Now, this is not a story about child abuse; rather, it is a story about faithfulness. Here, a simple nomad demonstrates he is willing to perform a sacrifice which was common to the primitive religions. But God no more meant Abraham to sacrifice Isaac than Jesus is suggesting for us to hate our family. Rather, God meant to test Abraham’s priorities.
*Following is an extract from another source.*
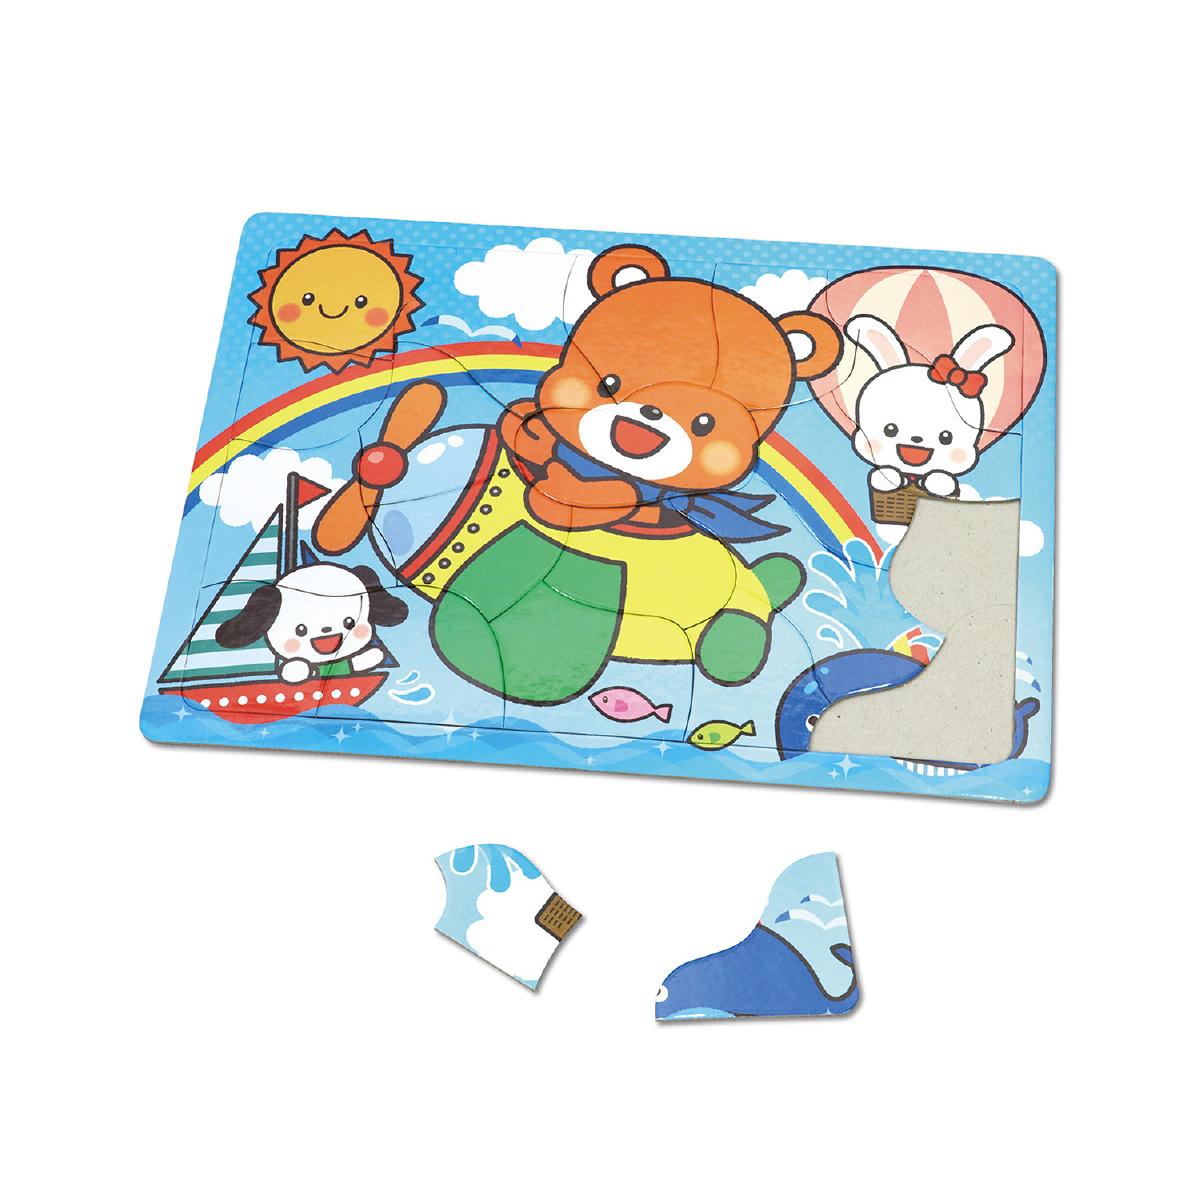 アニマルフレンズ パズル[ひこうき]20P 知育玩具 おもちゃ キッズ 子供 幼稚園 保育園 クリスマスプレゼント

And because of Abraham’s faithfulness, God issues one of the most famous promises in the Bible: “Because you have done this, and have not withheld your son, your only son, I will indeed bless you, and I will make your offspring as numerous as the stars of heaven and as the sand that is on the seashore.” This story was near and dear to Jesus’ Jewish audience, and if they thought about it, they would have realized Jesus was sharing with them exactly the same principle: namely, God demands nothing less than to be the central priority in our lives.
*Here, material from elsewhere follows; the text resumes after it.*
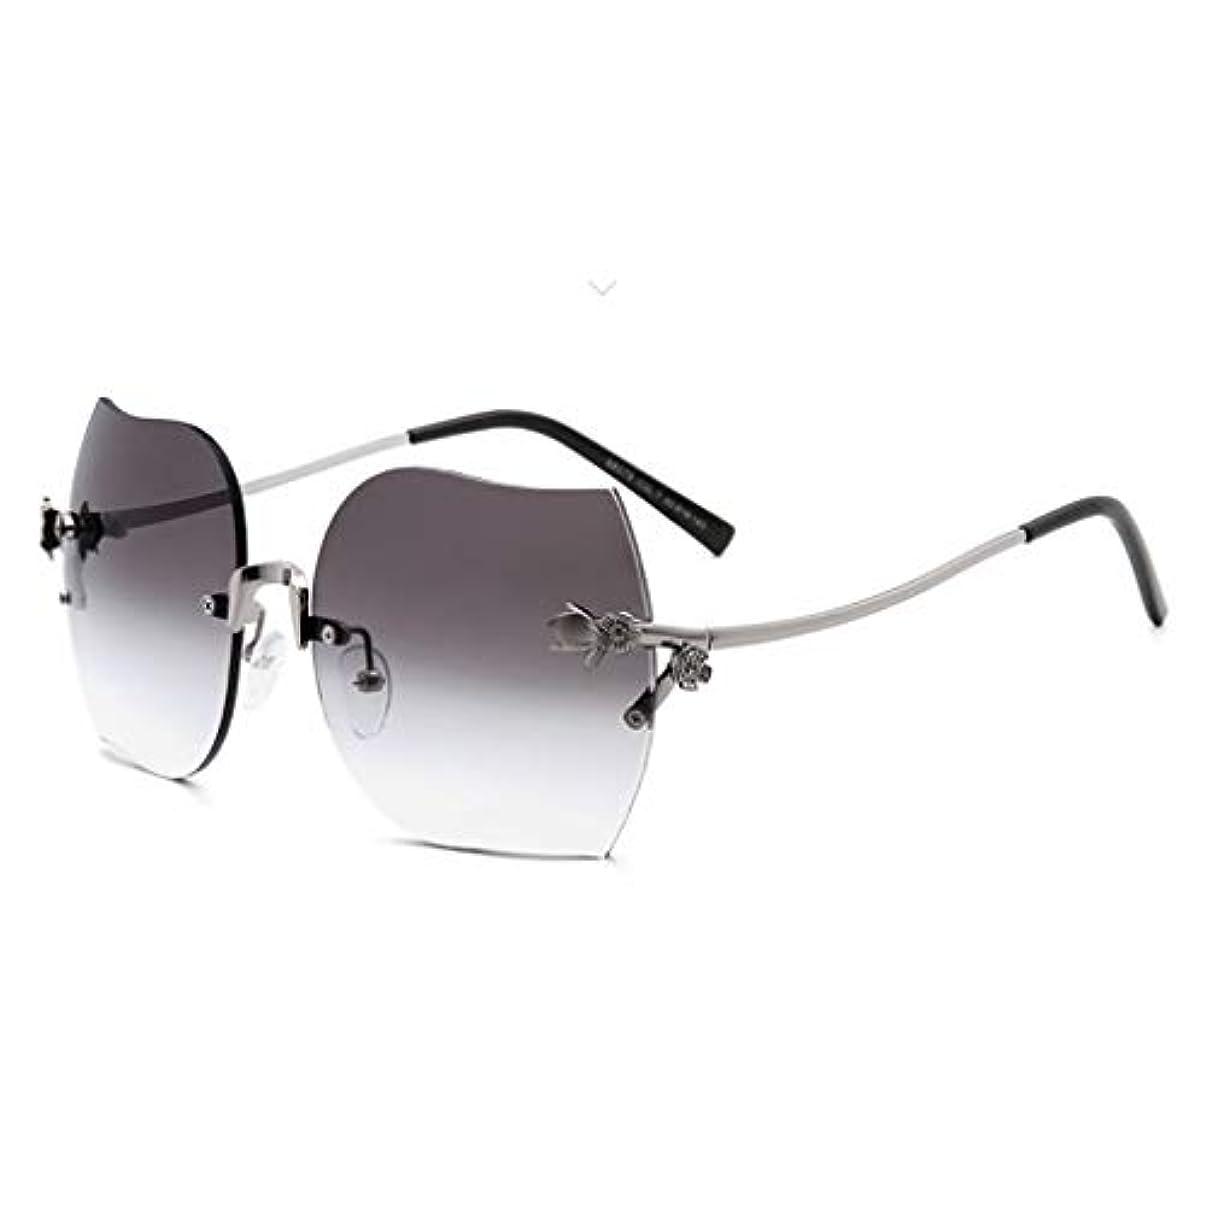 リス骨折とげVintage Half Round Sunglasses、女性クラシックレトロデザインスタイルブラウン用

The Radical Reorientation of Faith

This demand for total priority is exactly what Paul is describing in today’s reading from Romans. Paul describes the radical reordering of one’s life represented in baptism. Here, the old life for Self is set aside, and a new life oriented for, in, and around Christ is embraced. Such a life embraces the author of life and, in doing so, seeks God’s purposes. The point is that a life given over to God—dead to self—naturally seeks God’s will. That is why baptism and repentance are so closely tied. Repentance literally means “turning around 180 degrees.” Such a 180 degree reorientation represents a turning away from our own wills and towards God.

Most people will tell you that what it takes to get to heaven is just to be a good person. In other words, we get God to accept us by being good—a kind of quid pro quo. You’re good, so God does what you want. The Gospel turns this thinking on its ear. When a radical spiritual reorientation occurs, we naturally point towards God’s will rather than our own.
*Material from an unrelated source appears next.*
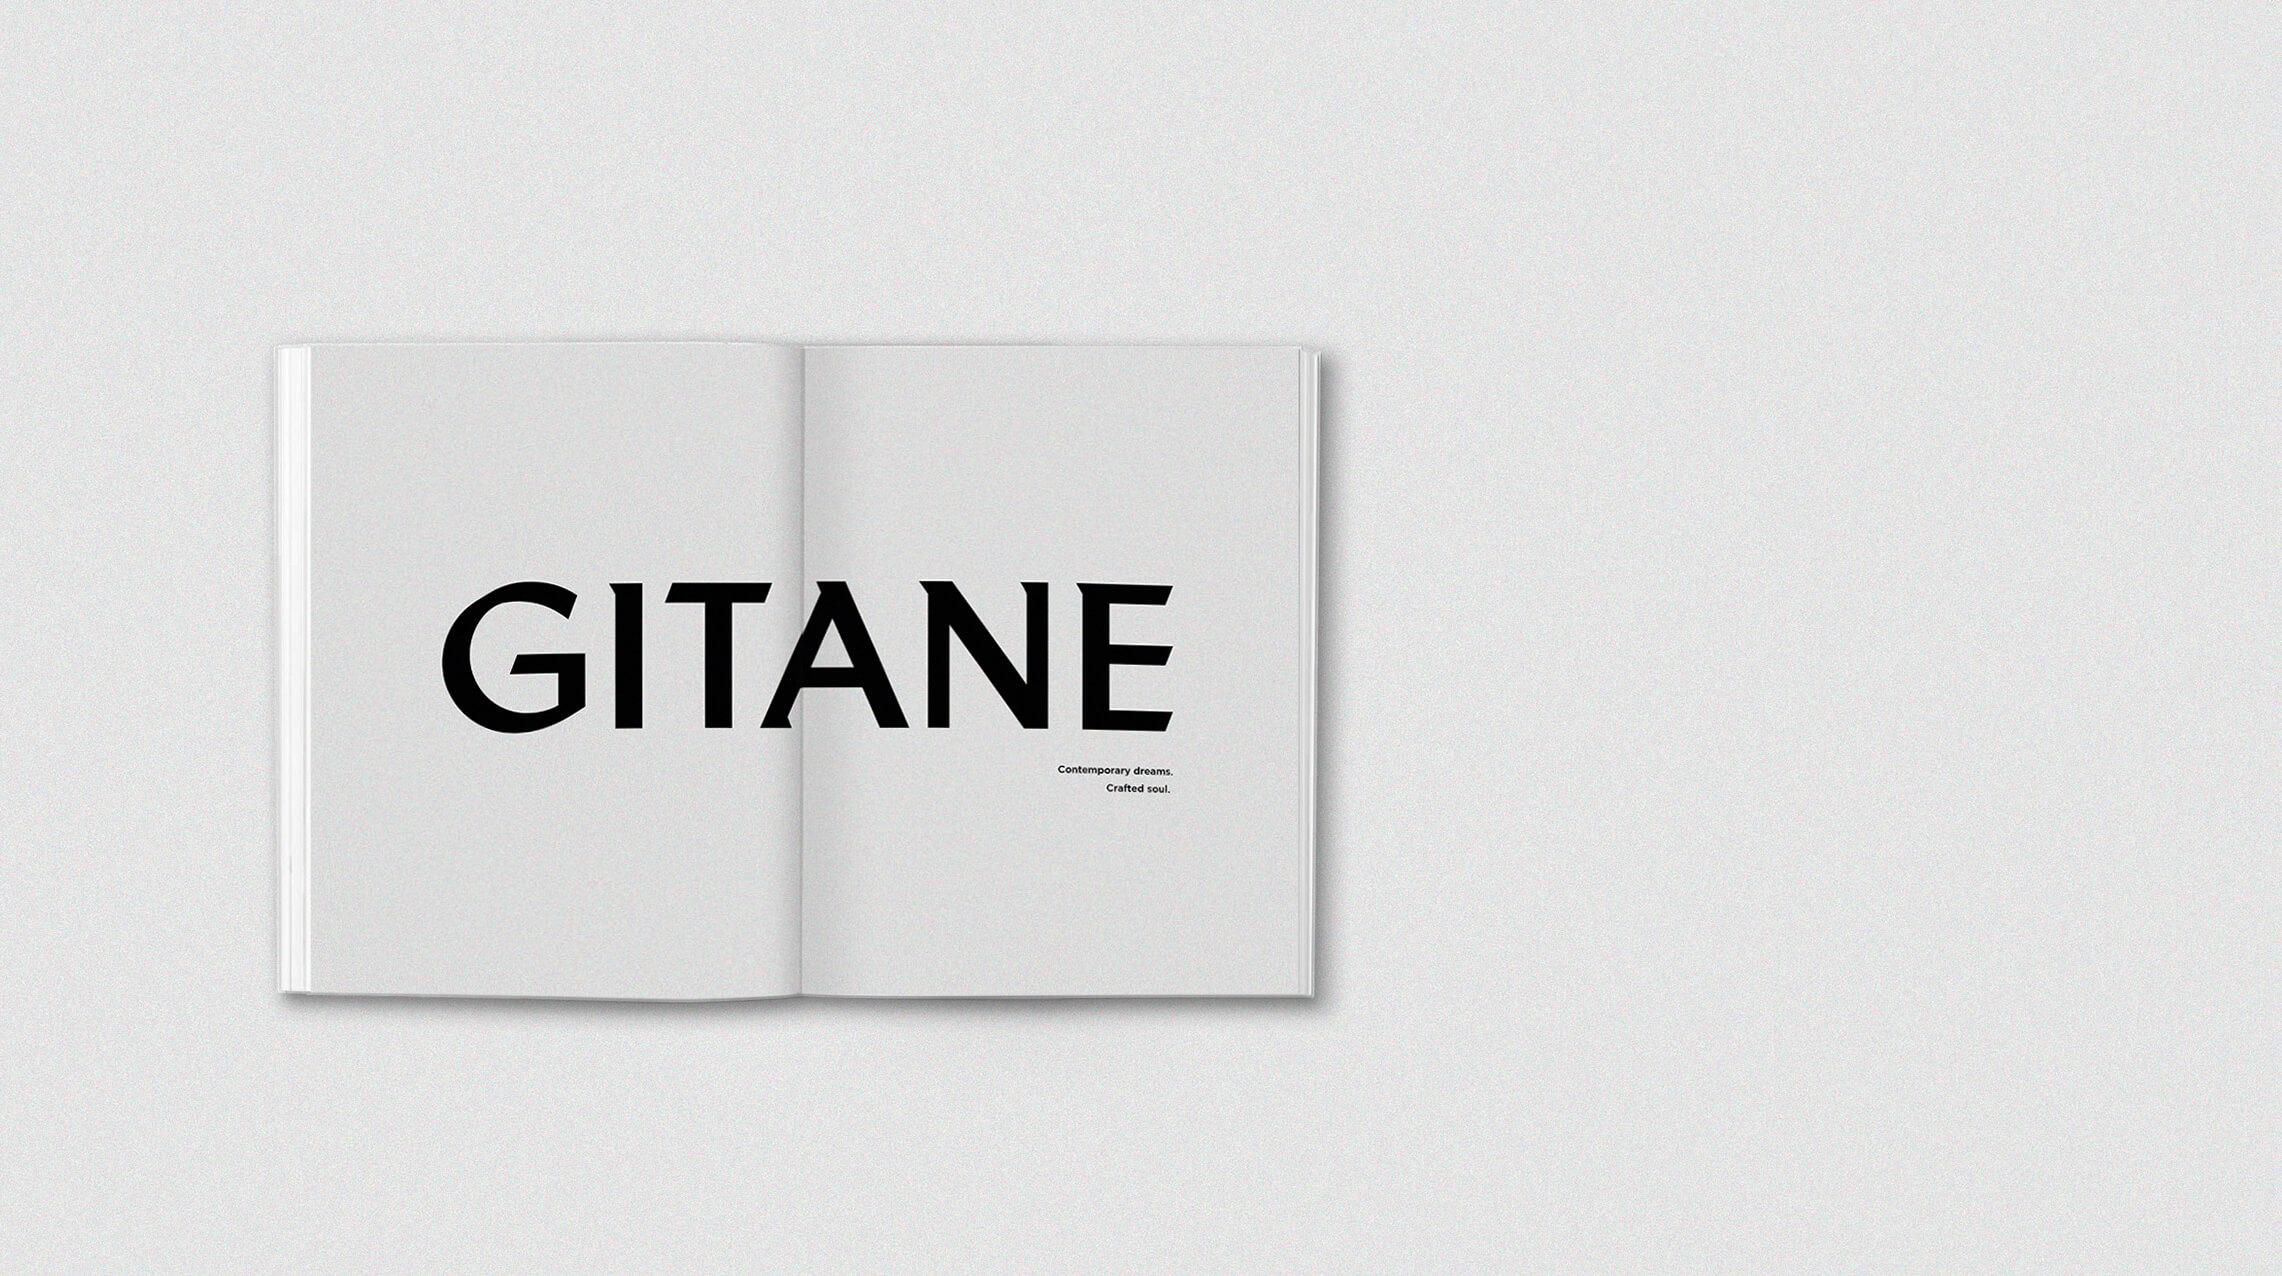 gitane-issue-one-lifestyle-cover-slider-3

The Weight of Objective Truth

That is a pretty costly proposition if our faith isn’t, in some fundamental way, true. It’s popular to believe now a days that it really doesn’t matter what you believe as long as you are sincere. Of course, it is quite possible to be very sincere and have all the best intentions, and to be sincerely wrong. If faith is anything more than a way to help us feel good about ourselves, it must either be objectively true or objectively false. Woven throughout Scripture is the simple proposition that God revealed Himself miraculously to the people of Israel, and then directly in Jesus Christ. At the end of the day, if our faith has any substance, that proposition is either objectively true or false. We are either sincerely wrong, or it is the most important Truth one can possibly know in the world. And if Christ—as he claims to be—is the very definition of Truth, that revelation demands we build our lives around it and follow in His footsteps. But count the cost. Jesus tells us, “Whoever does not take up the cross and follow me is not worthy of me. Those who find their life will lose it, and those who lose their life for my sake will find it.”

Heroic Faith

Such sacrifice is nothing less than heroic. We see it in inner city ministry, in world missions, and in organizations like Doctors Without Borders. Heroic faith is the difference between a contribution and a sacrifice. Following Jesus Christ can never be only a polite Sunday morning faith. It demands walking in the footsteps of Christ along the way of the cross. It demands being prepared to face ridicule and rejection for our faith. And it demands laying everything we possess and all that we are at the foot of the cross. It demands we yield before Jesus Christ as the Lord of our lives—with Him as our central priority and focus.

The irony of the cross, though, is that it hardly represents just sorrow and sacrifice. Rather, just as it did when Christ first walked the Via De La Rosa, the way of the cross leads to resurrection. And rather than throwing our lives into chaos, putting all we have and are under God’s control—under the Lordship of Jesus Christ—begins to put things in order. And finally, we know Peace. In losing our lives, we gain them. Surely, then, we will discover for ourselves the converse of Martin Luther’s words that I began with: a faith that gives everything, costs everything, and suffers everything is most certainly worth everything.